エクイティでの資金調達額は約18億円でした。
シリーズAのpost-valuetionで既に50億円になっています。その9か月後にシリーズBでpost-valuetion90億円。
そこからエクイティでの調達はせずIPOとなりました。
以下の表ですが、株式分割が2015.1.31に500分割と、IPO直前期である2019.6.19に200分割と、2回されているため、便宜上、元々、株式分割がされていたと仮定して表に数字を入れています。
普通株式の価額は正確には読み取れませんでしたが、設立時に1000万円で200株発行しているので、1株50,000円で設立されたものと思われます。
初めて外部資本を入れたシリーズAの時点でChatwork自体はかなり有名なツールであった影響か、いきなりpost-valuetion50億円です。
各シリーズの株主は以下です。
シリーズA | GMO VenturePartners |
シリーズB | ジャフコ、新生企業、SMBC、GMO VenturePartners |
ストックオプションは全部で7回発行しています。
以下の表のパーセントはストックオプションの発行時点の潜在株の割合にしています。IPO時点での潜在株の割合は11.1%です。
こちらも特徴的なグラフになっています。
IPOを目指す会社の場合、シリーズAの前や後にストックオプションを発行していることが多い印象ですが、Chatwork社の場合はシリーズBの後に連続して発行しています。

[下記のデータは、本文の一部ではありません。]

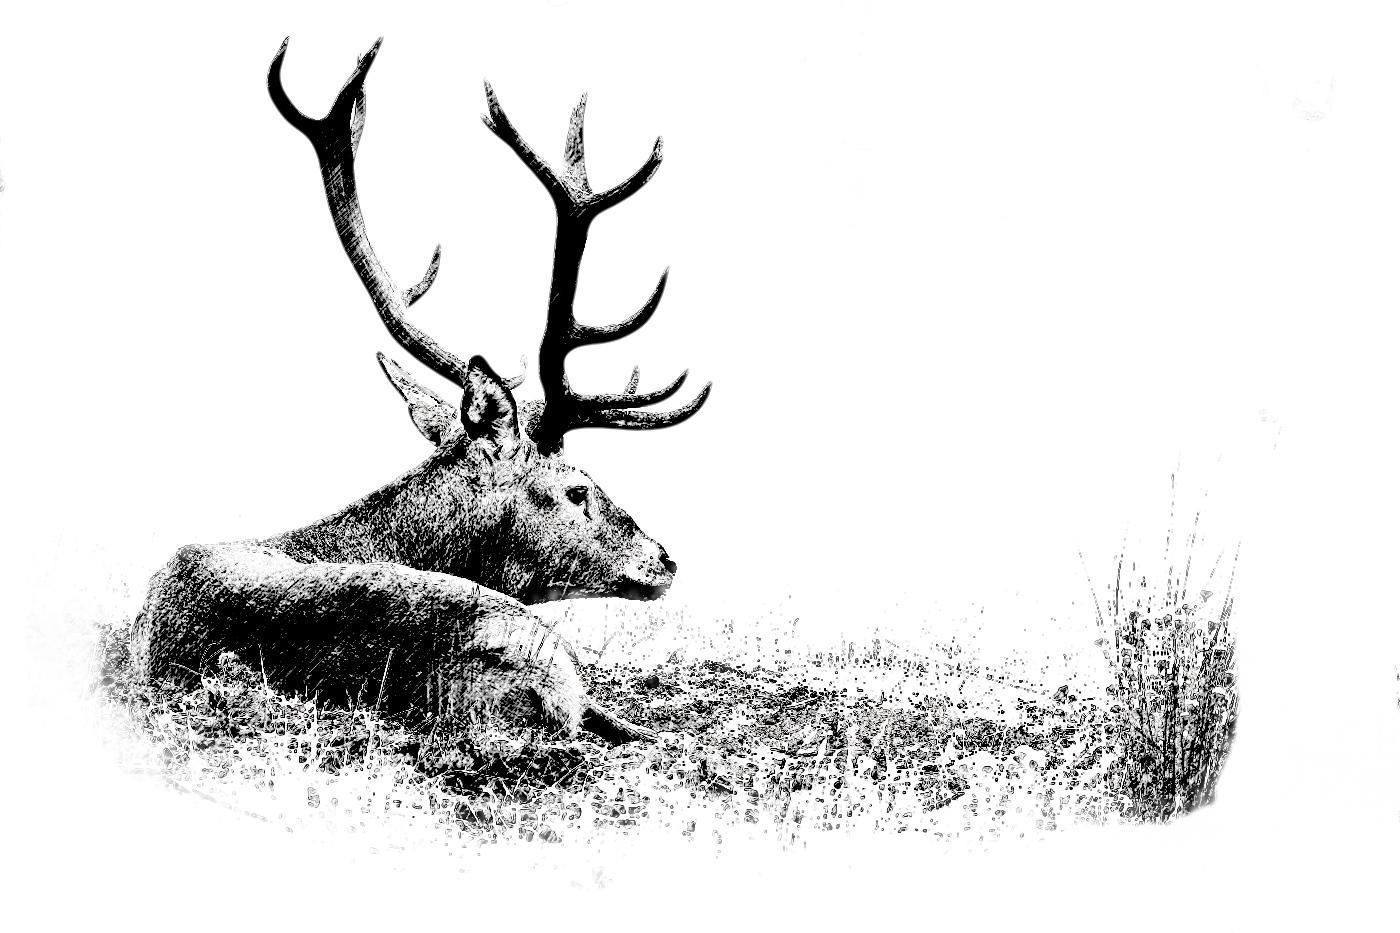 Coto de caza mayor España. Dibujo de ciervo iberico tumbado

行使価額ですが、第1回から第6回まで250円。こちらはシリーズBの株価と全く同じだったので、普通株式の株価算定はしなかった模様です。第7回は「1株につき株式公開時の公開価格」ということなので、株式公開日の初値である1,480円になると思われます。
一の部より、新株予約権の付与者をエクセルを使ってユニークにしたところ、101名に付与しています。
従業員数がちょうど100名ということで、取締役・監査役等にも付与していたとしても、ほぼ全ての従業員にストックオプションを付与しているものと思われます。
Chatworkは「社員第一主義」を掲げており、厚い福利厚生がある会社でも有名です。そういった思いから従業員にも広くストックオプションを付与しているようです。
Chatwork社は外部資本を入れない方針を変え、エクイティでの資金調達を進め、IPOを達成した企業です。
黒字経営で生まれた利益を事業に回すだけでなく、エイクティで資金を調達しアクセルを踏み込んだ事例として、とても良いと思います。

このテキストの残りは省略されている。